Misc Thoughts, Uncategorized

A Rainbow after a Storm

What is the greatest pain you ever experienced? What are the fiercest storms that have ever assailed you? We all experience painful seasons in our lives. It could be the death of a loved one, a broken relationship, a grim diagnosis. I’m sure everyone can think of something. I have been incredibly blessed with good health, loving friends and family, a wonderful husband, and so much more! Most of the pain in my life has been indirect where I am sharing in the pain of others, rather than being directly assailed by trials. But during the sunny, warm days of August of 2019, I experienced a heartbreaking storm. The last week of August began with so much joy. I discovered that I was carrying a precious child in my womb. Lars and I were ecstatic! Motherhood has been my dream career ever since I was a little girl. I was finally getting a chance to live that dream, but just a few days later our joy was turned to mourning. We had lost our baby. My heart shattered. The physical pain of a miscarriage is terrible, but it doesn’t compare to the emotional pain.

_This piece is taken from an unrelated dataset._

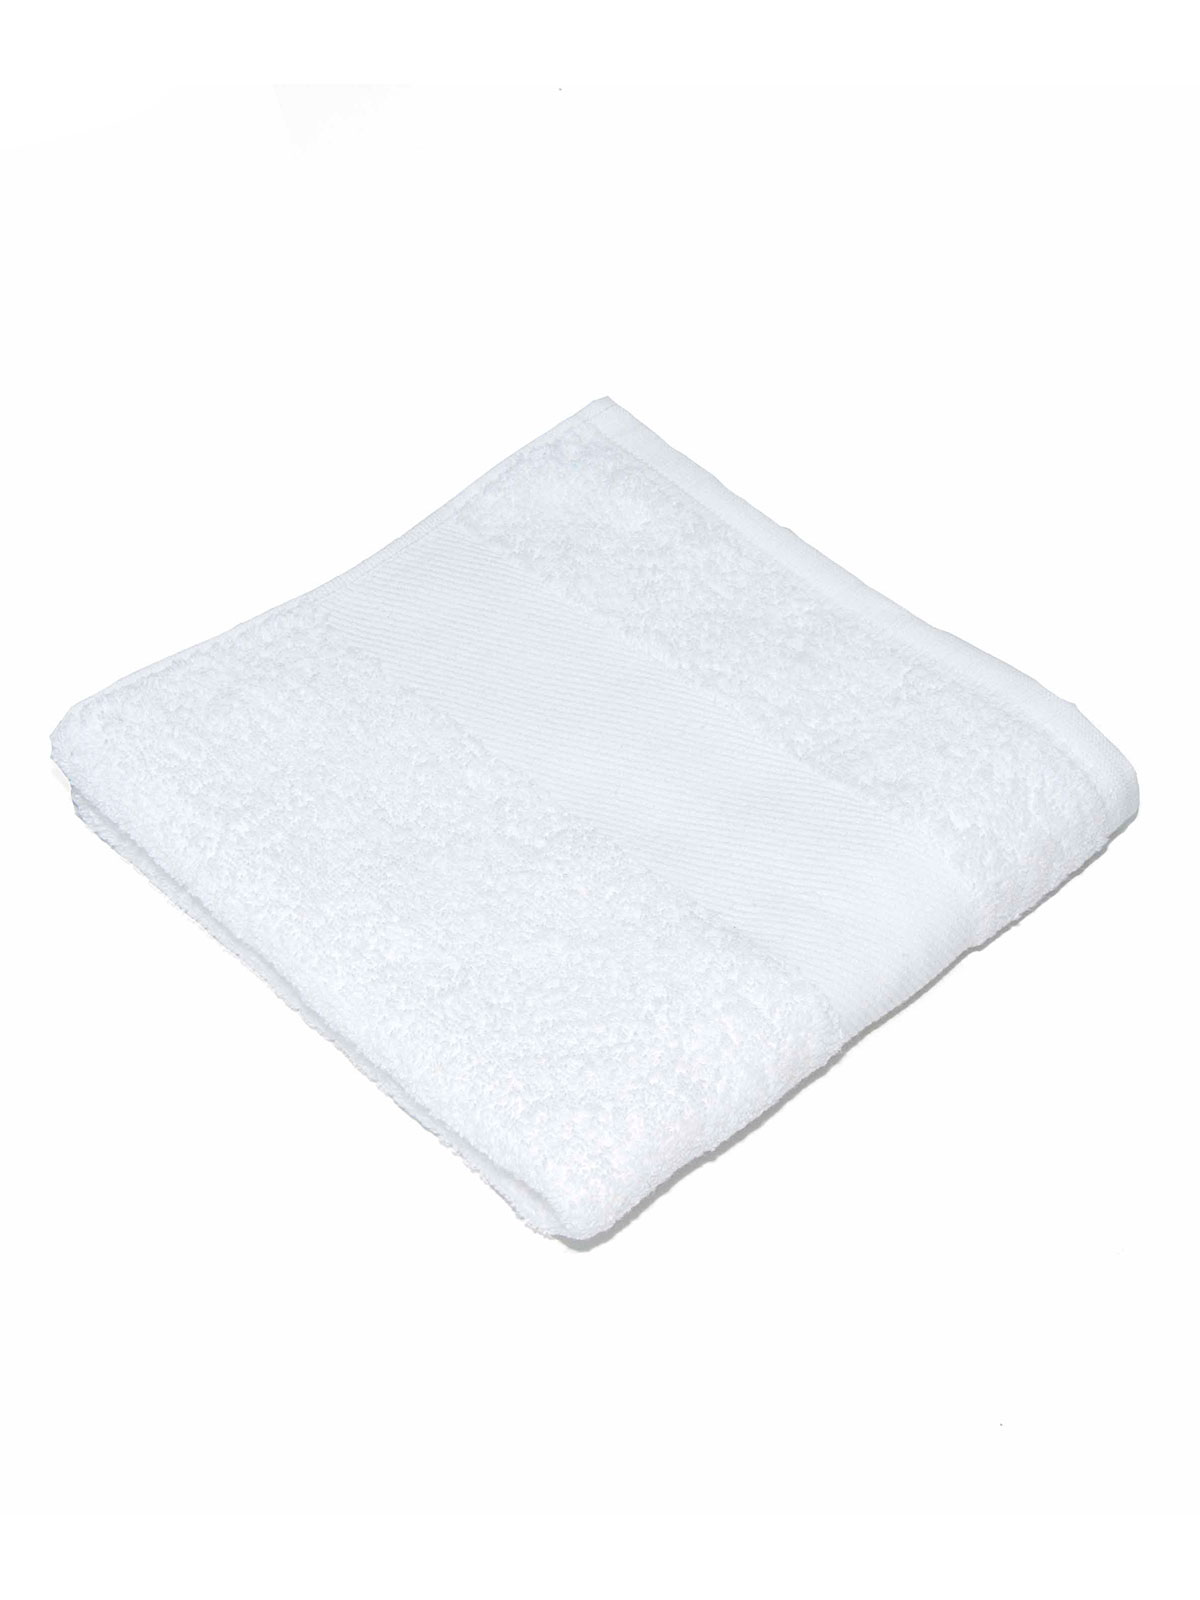 classic-towel-70x140-white.webp

Not only is their heartrending sorrow, but there is fear. Fear that I did something wrong. Fear that my body will never be able to carry a baby to full term. But God…. Those two little words have such power. I could have fallen into the depths of despair. I could have lost all hope. But God.. But God covered Lars and I with His peace. Though we grieved, He comforted us with His loving embrace and kept us from despair. He used our loss to draw Lars and I closer together and closer to Him. I will always love my first child. There will always be a part of me that still grieves, but God….

“The Lord gave and the Lord has taken away. Blessed be the name of the Lord.” (Job 1:21b)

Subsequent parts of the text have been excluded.